Future applications of 3D cell culture
While it is impossible to predict all future applications that will be developed using 3D cell culture in cancer research, there are several avenues which appear to have the most potential. As with 2D cell lines, carrying out in vitro genetic modification is relatively straightforward in organoids. Modifying specific genes in either normal or cancer organoids opens up many possibilities in the study of the mechanisms governing tumorigenesis, cancer progression, and treatment — especially when genetically-modified organoids are used to generate organoid xenografts. Genetic modification of organoids is greatly advantageous when GEMMs do not exist for a specific gene or establishing a new GEMM is outside the scope of a particular study.
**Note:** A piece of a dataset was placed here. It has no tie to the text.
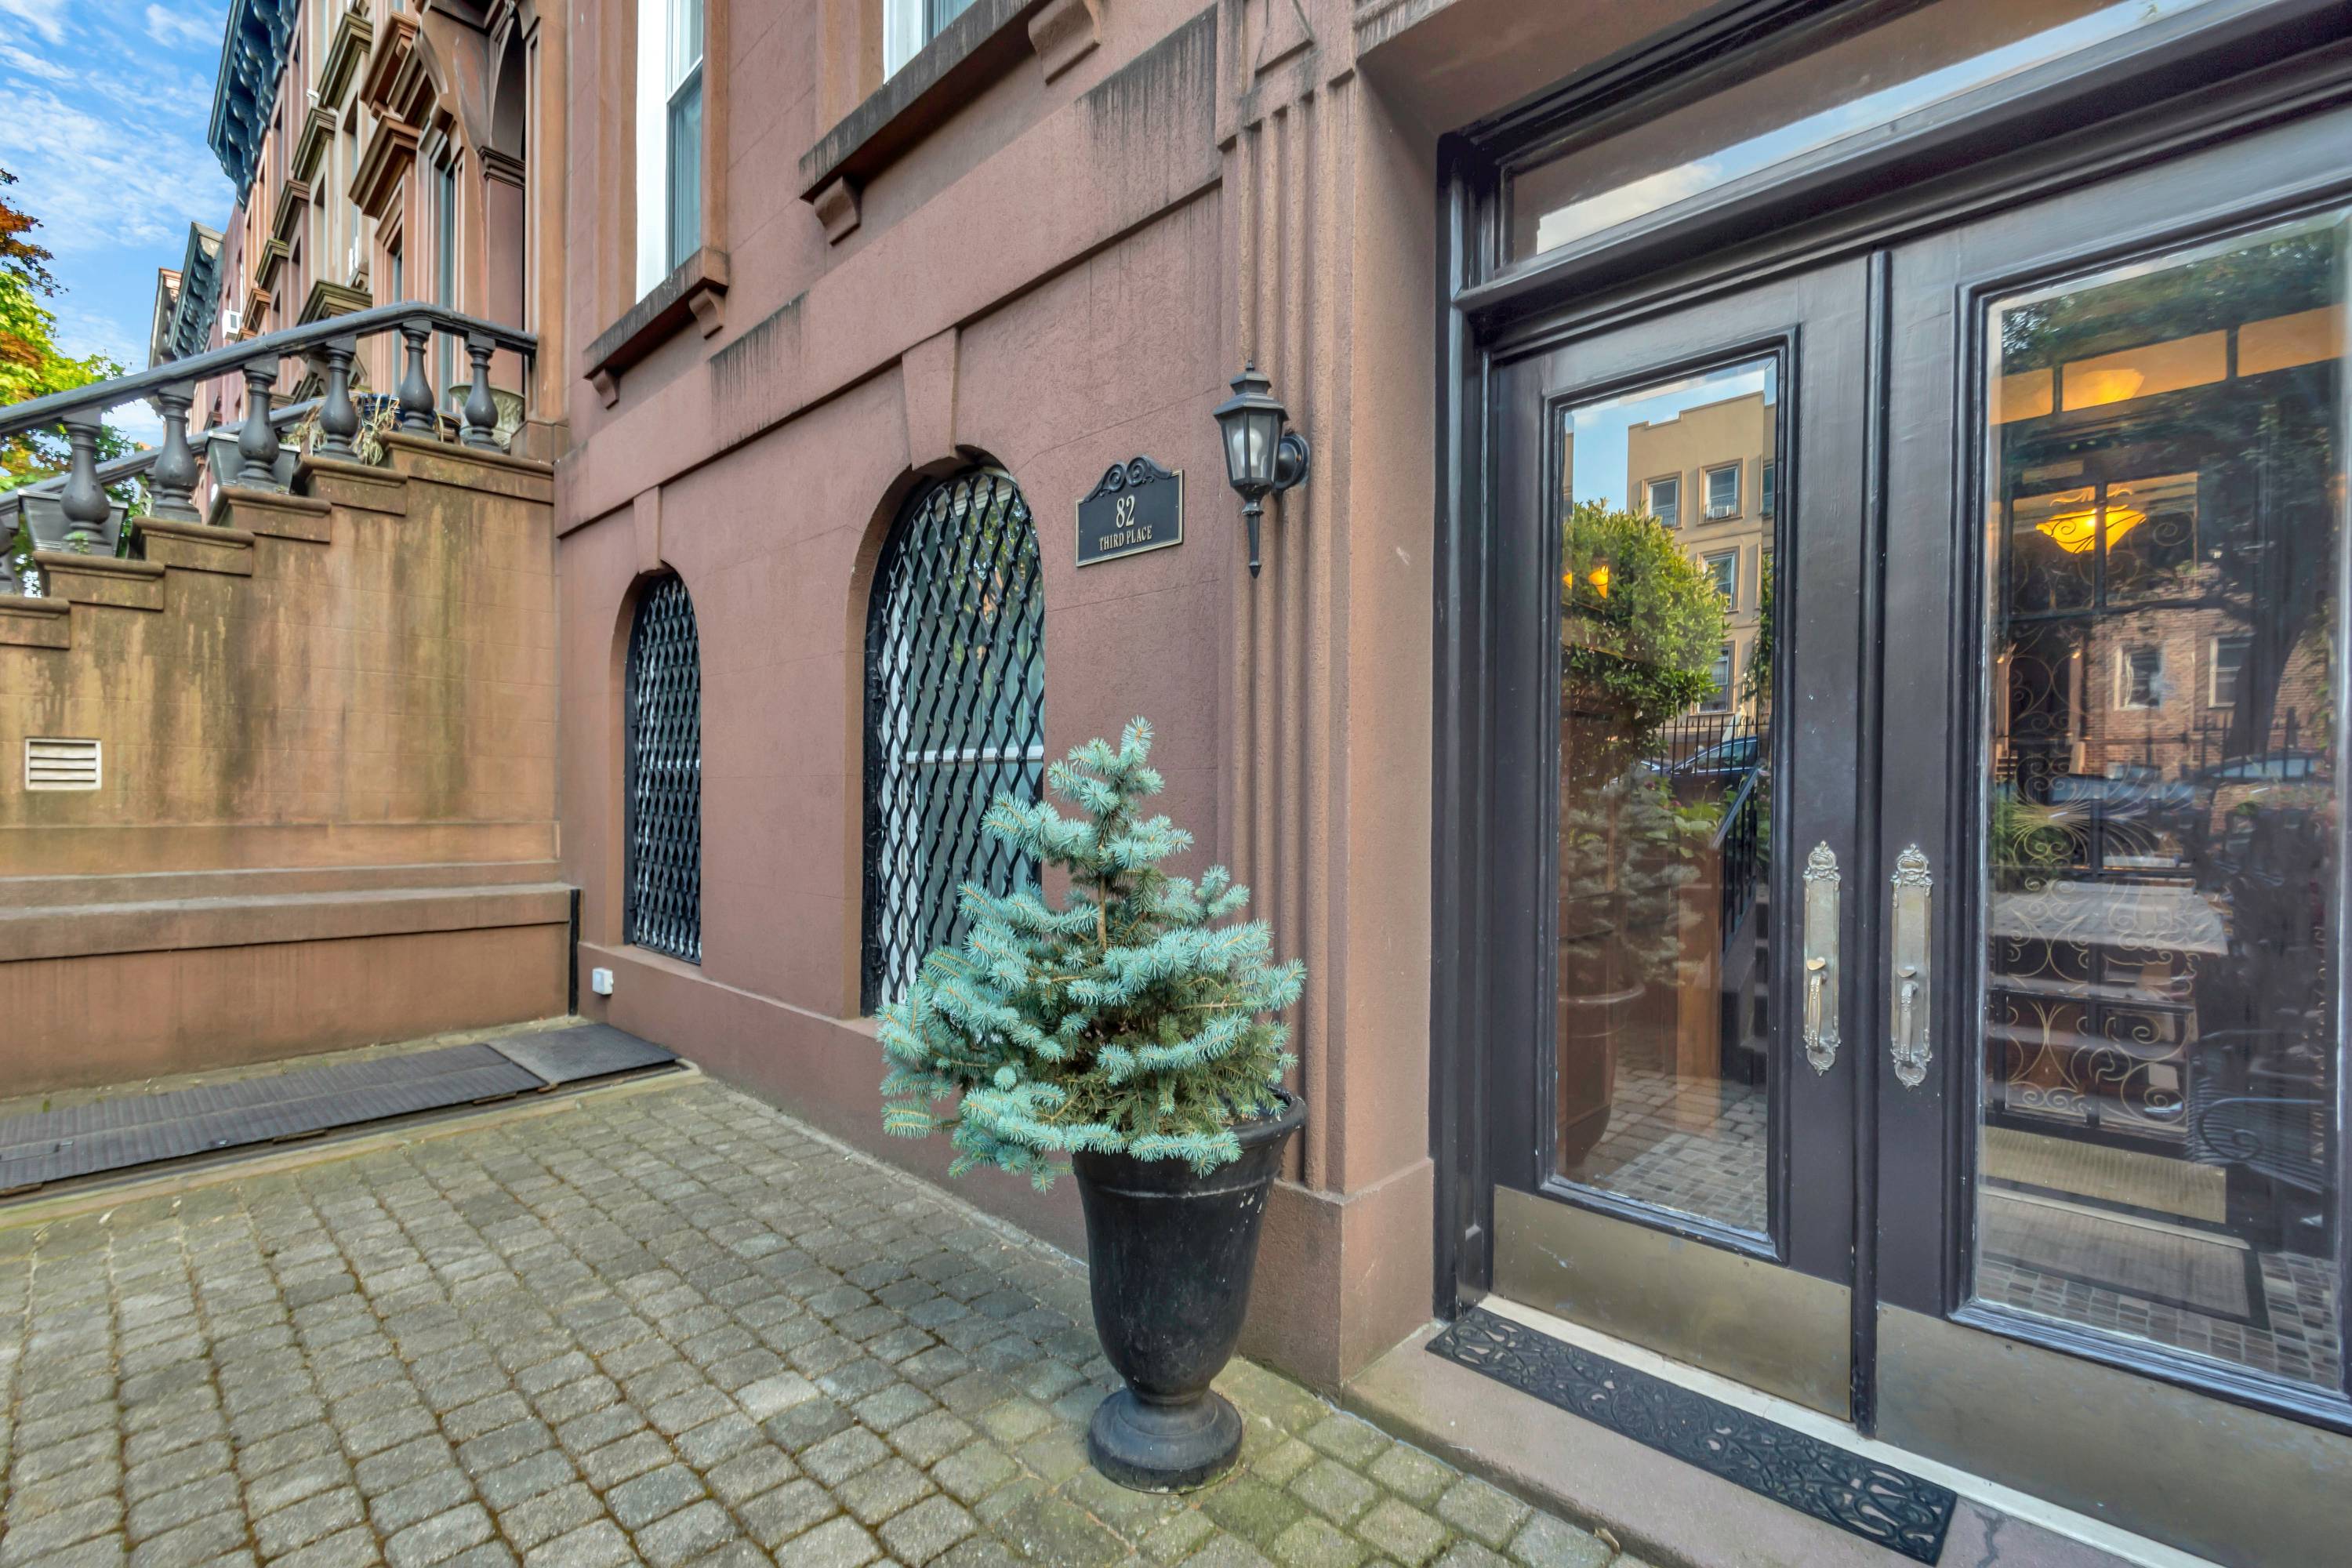 CARROLL GARDENS Three Family Available Welcome to 82 Third Place.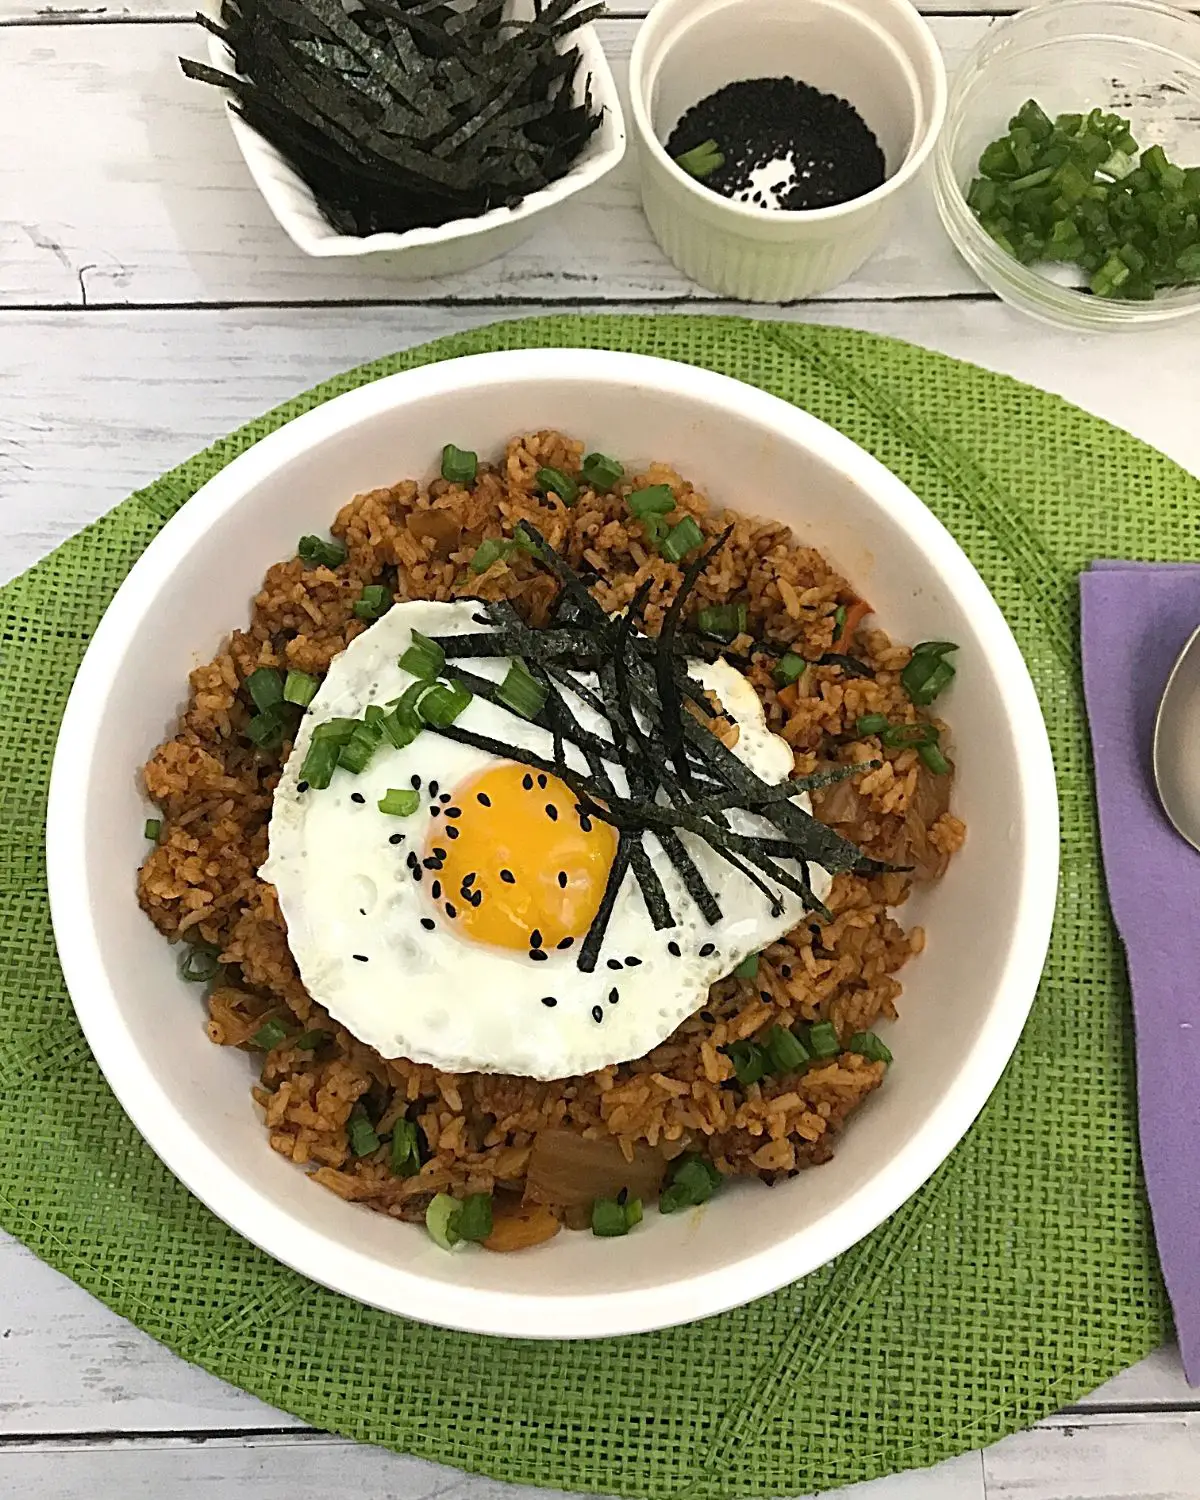 Kimchic fried rice served in a white large plate with some garnishing

Cancer organoid culture also has many potential applications for clinical research. A library of relevant tumor subtypes within each organ system from both patients and animal models could be used to quickly assess efficacy of a new drug or new combination of existing drugs. As 3D cell culture becomes mainstream and increases in efficiency, generating patient-derived organoids for the purpose of personalized medicine has the potential to help tailor treatment for each cancer patient by testing all available drugs and combinations of drugs using his or her individual organoid line16.